- _Required work_
If you see a picture in the data below, omit it and copy the rest exactly.

- _Source material_
┌────────

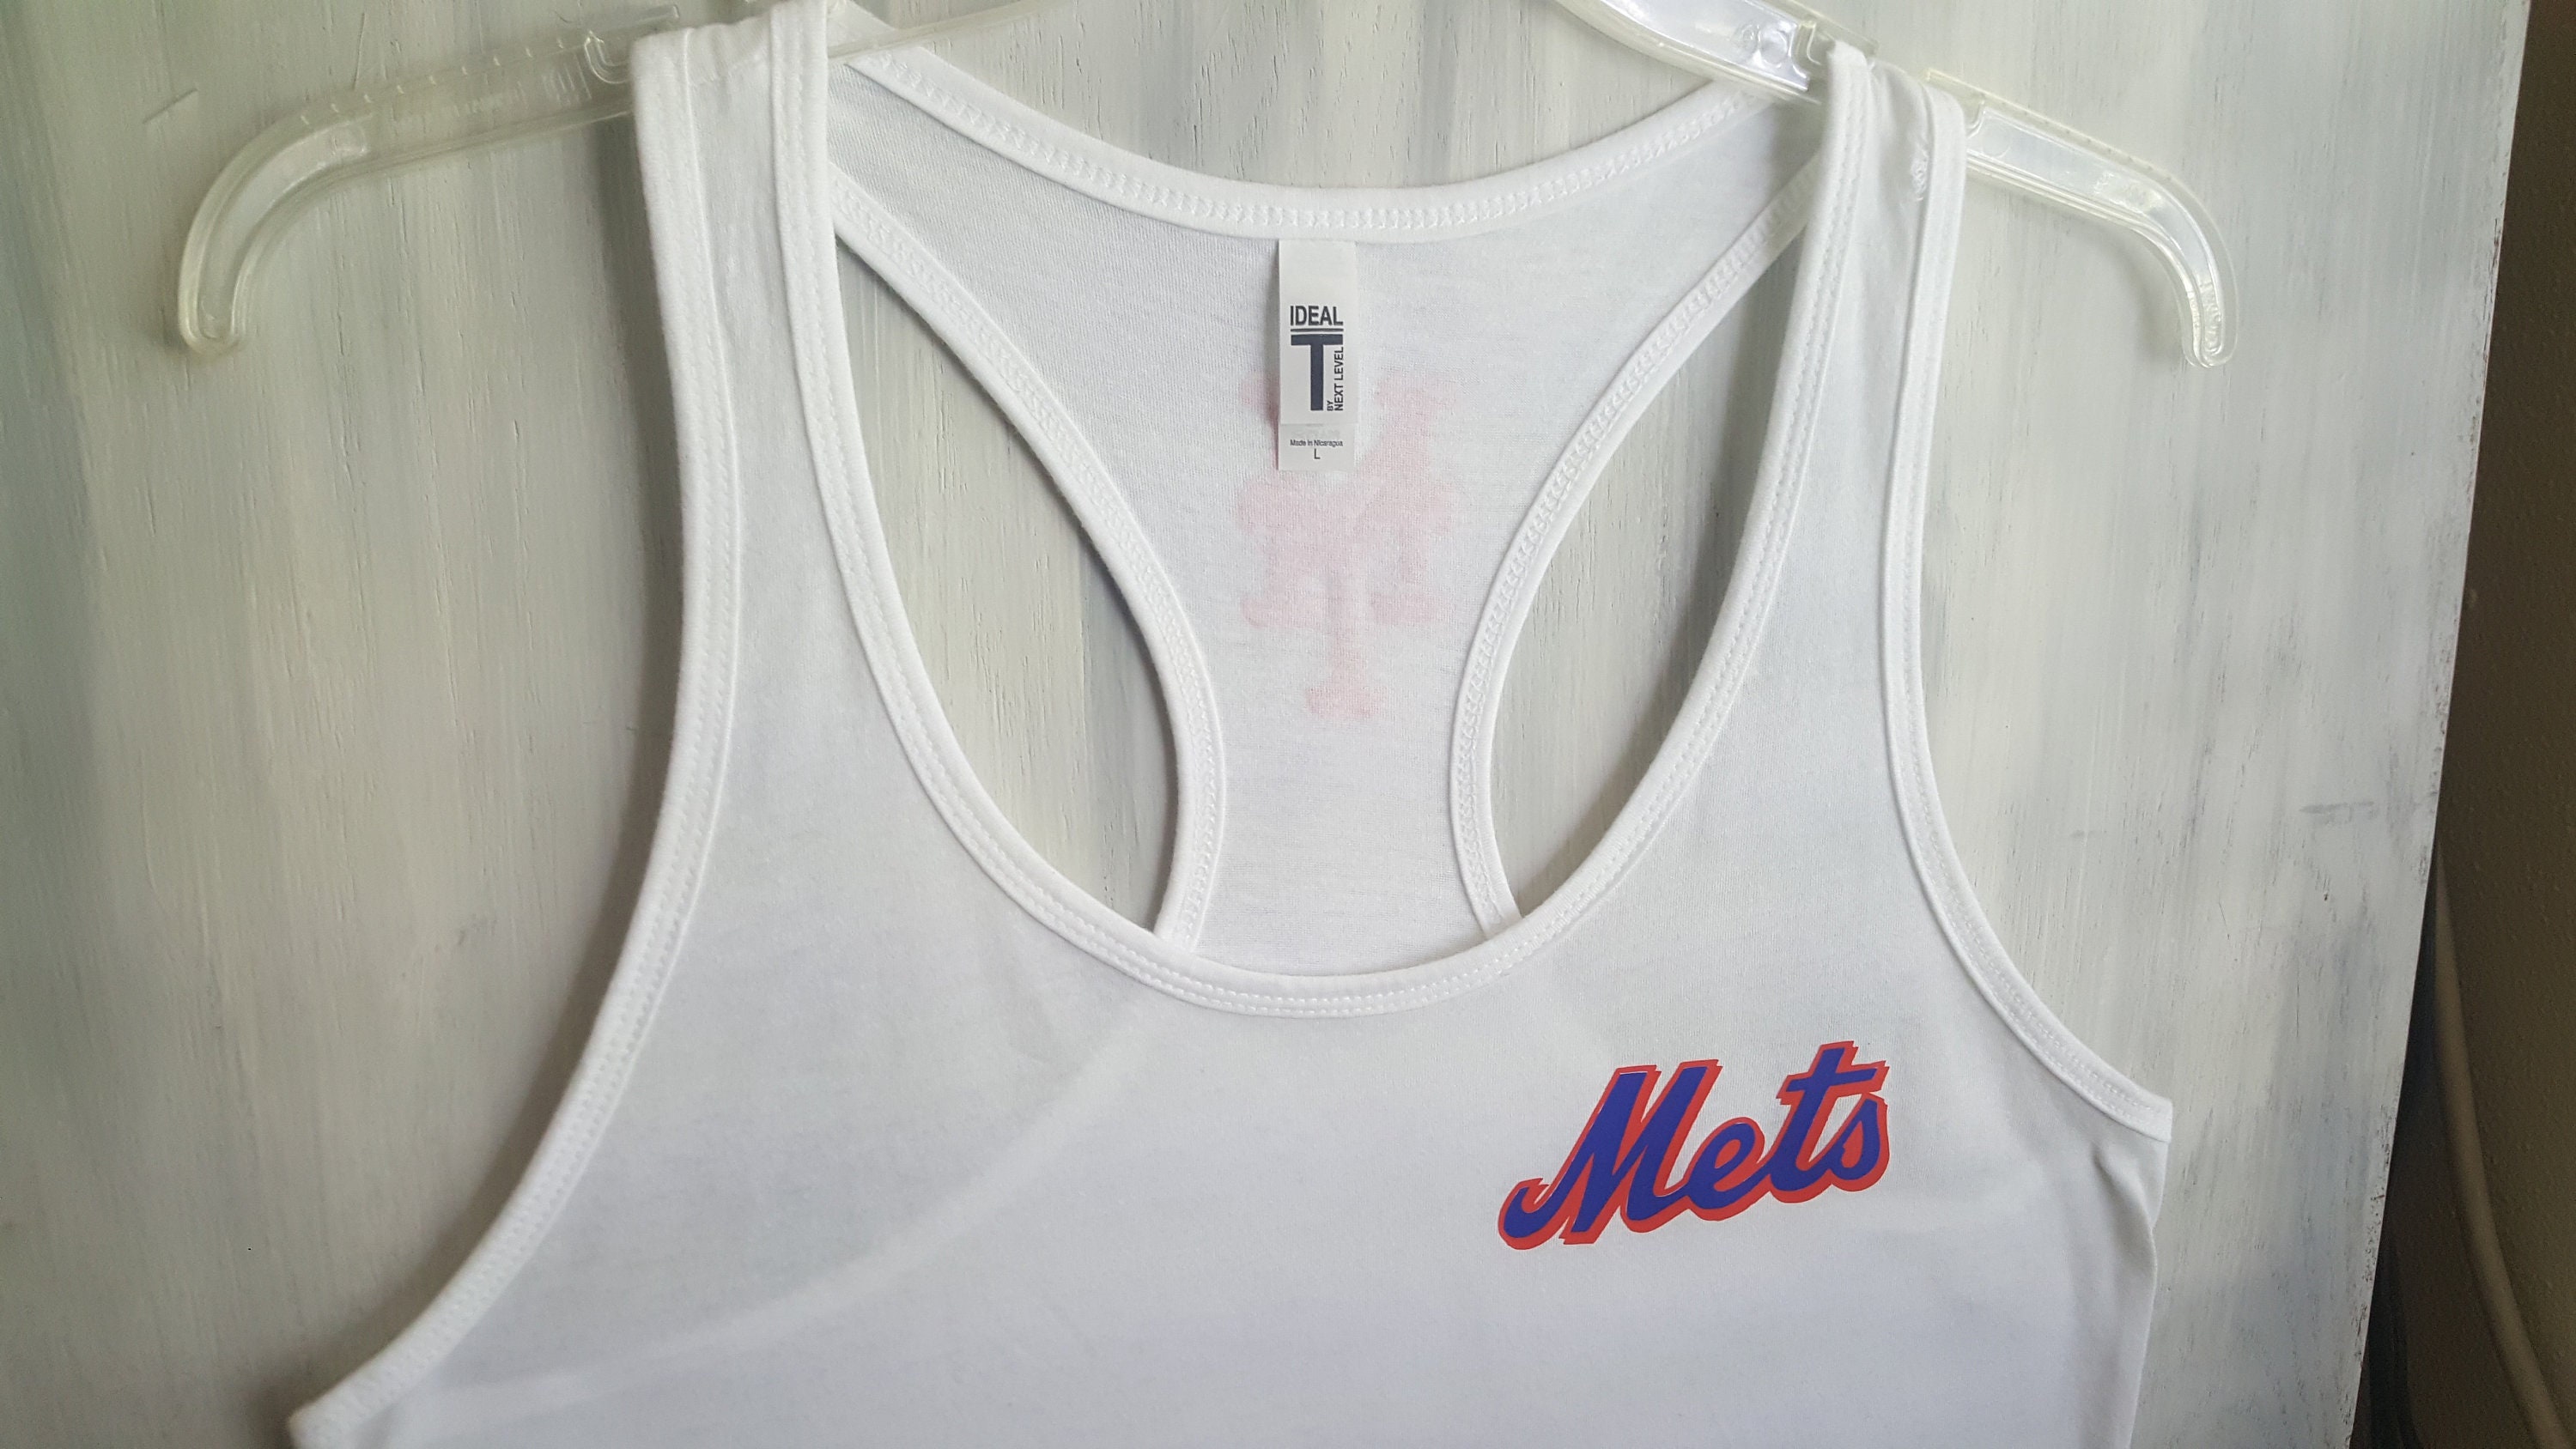 Vintage Houston Police 4 New York Mets 0 T-Shirt, Hoodie, Long Sleeve, Tank Top, Sweatshirt.
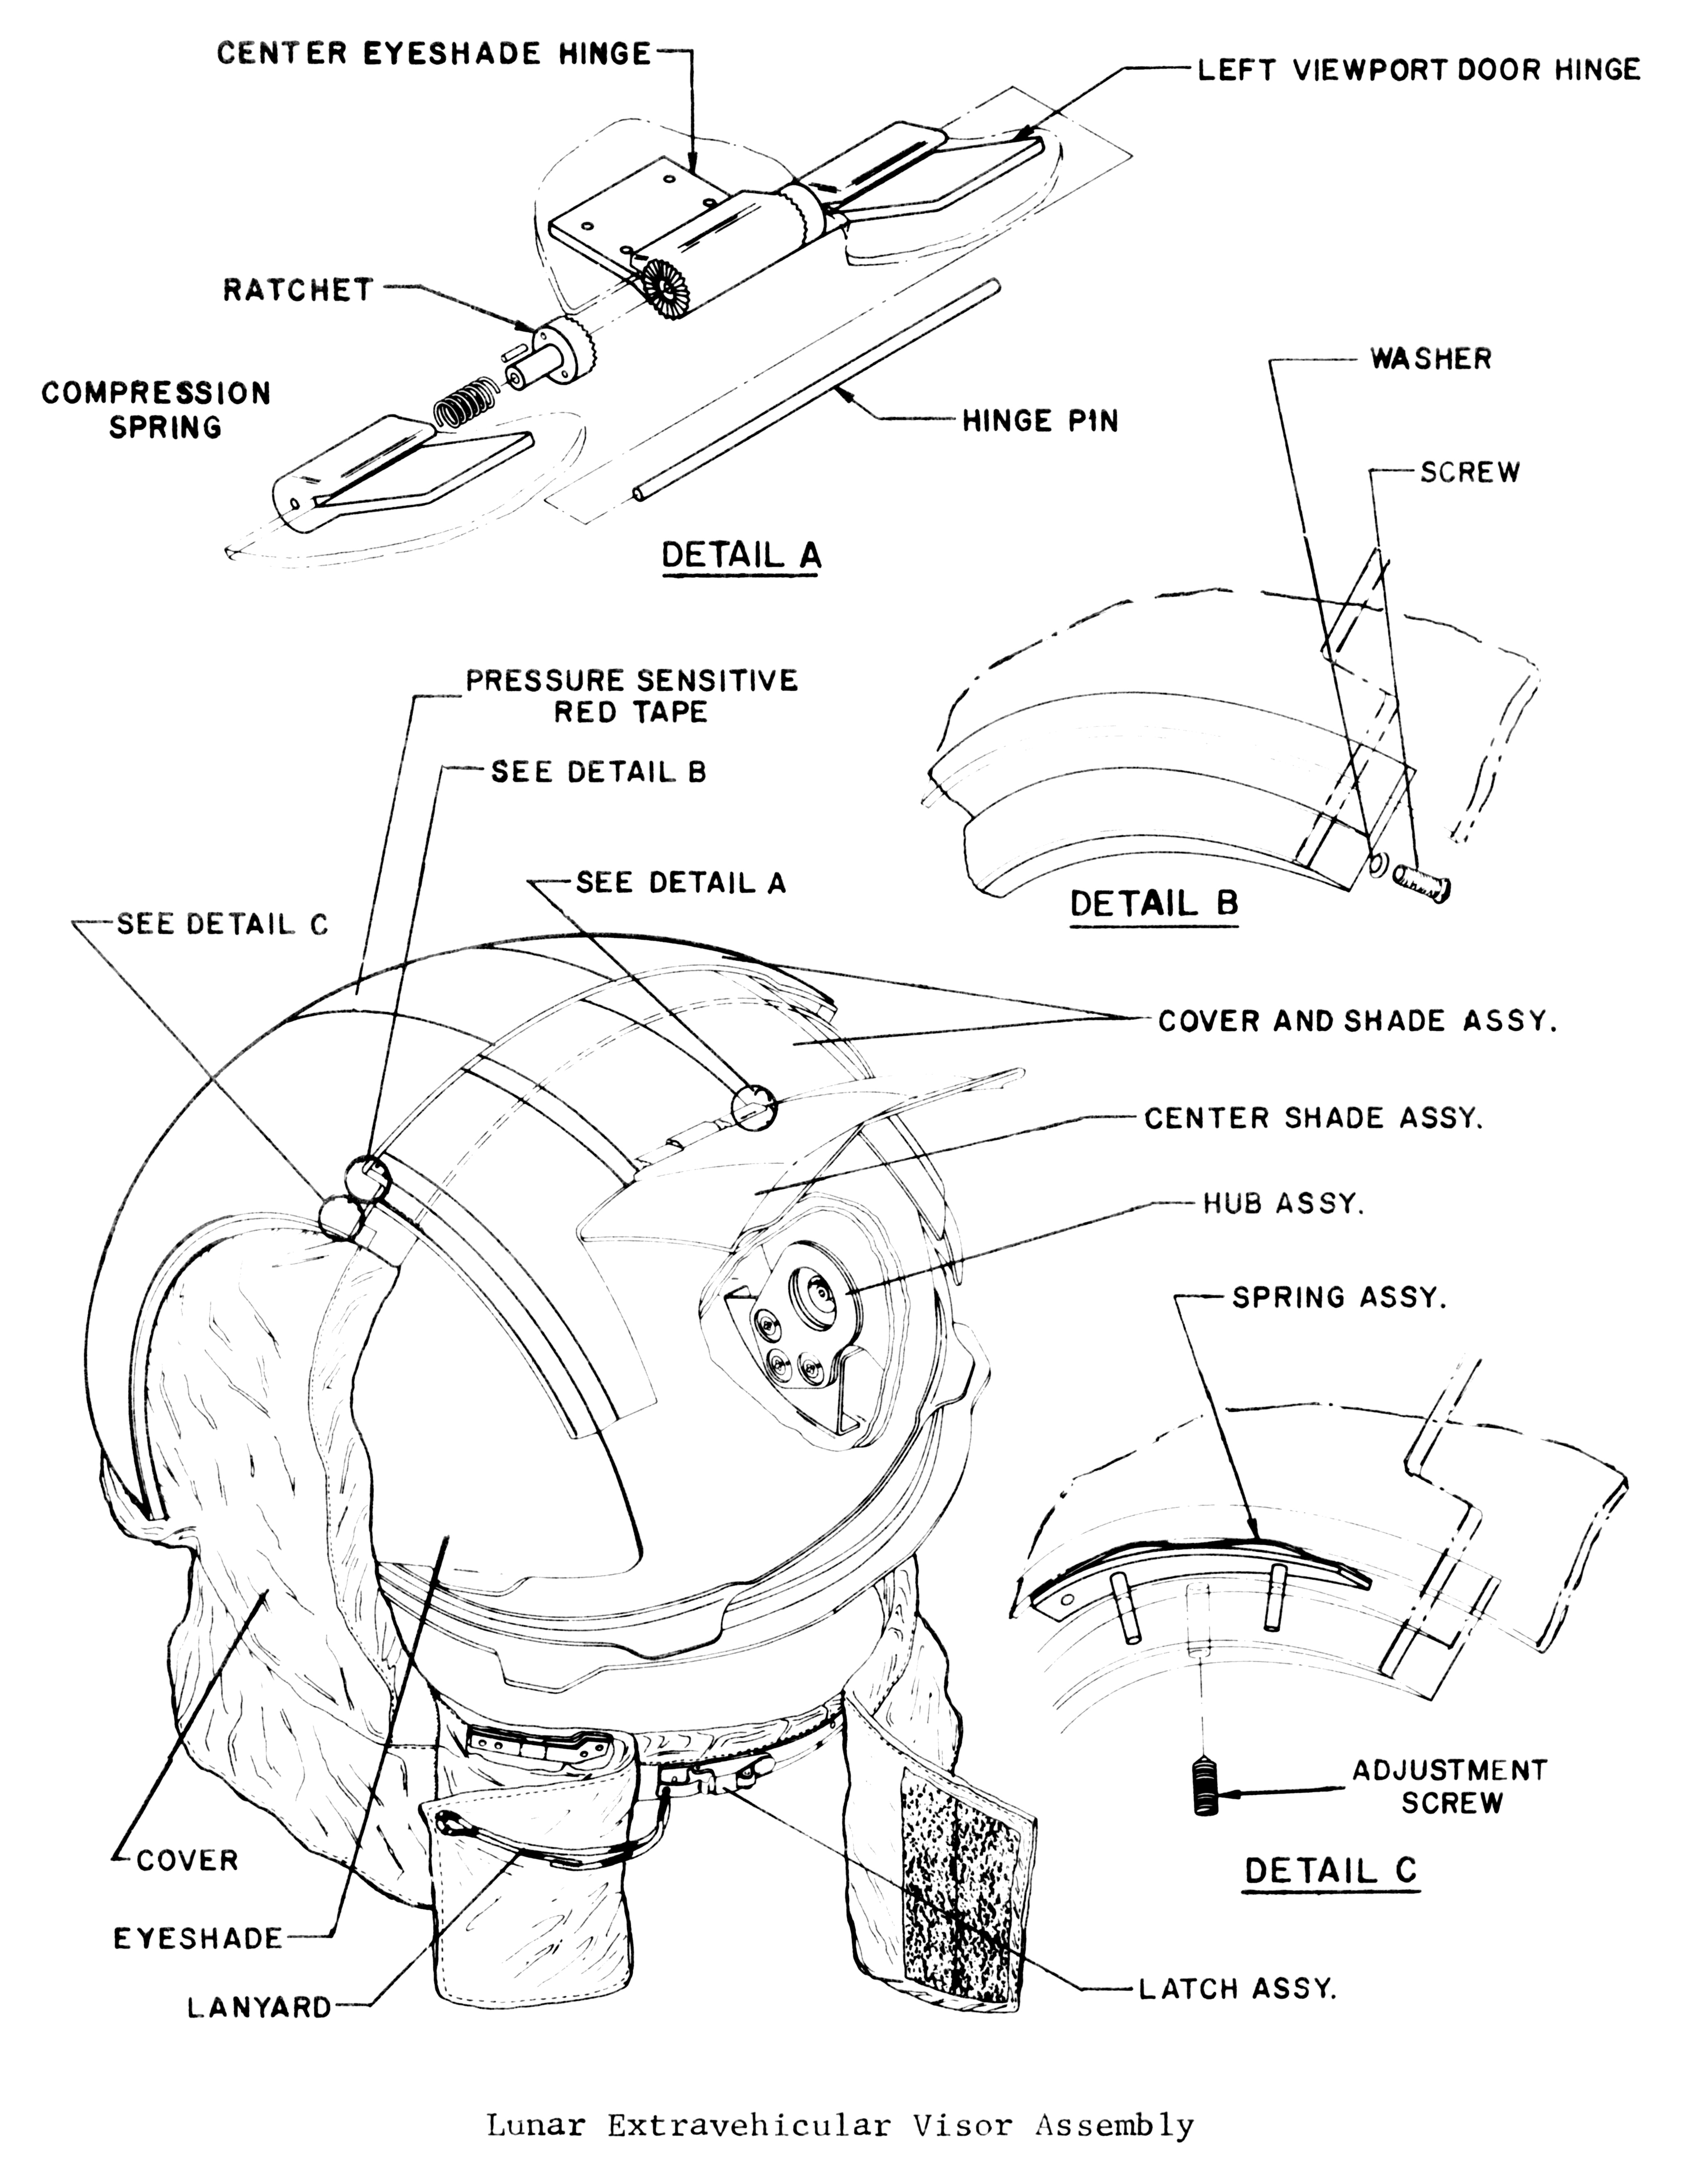 astronaut helmet diagrams
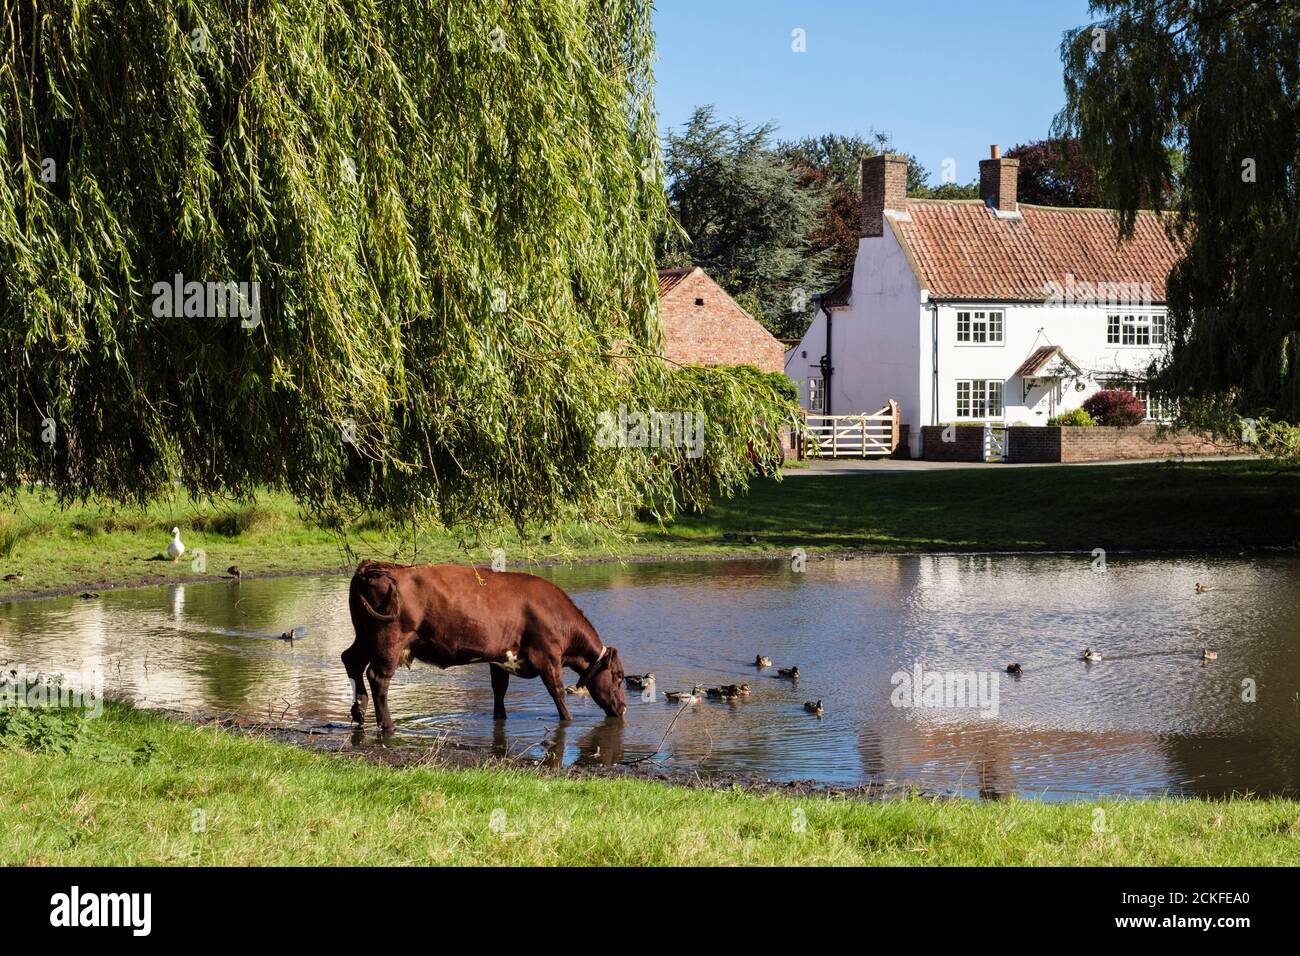 Vache de bétail libre de gamme boire de l'étang de canard sur un pittoresque village vert. Nun Monkton, York, Yorkshire du Nord, Angleterre, Royaume-Uni, Grande-Bretagne Banque D'Images

└────────

- _Solution for this exercise_
 Vintage Houston Police 4 New York Mets 0 T-Shirt, Hoodie, Long Sleeve, Tank Top, Sweatshirt.
 astronaut helmet diagrams
 Vache de bétail libre de gamme boire de l'étang de canard sur un pittoresque village vert. Nun Monkton, York, Yorkshire du Nord, Angleterre, Royaume-Uni, Grande-Bretagne Banque D'Images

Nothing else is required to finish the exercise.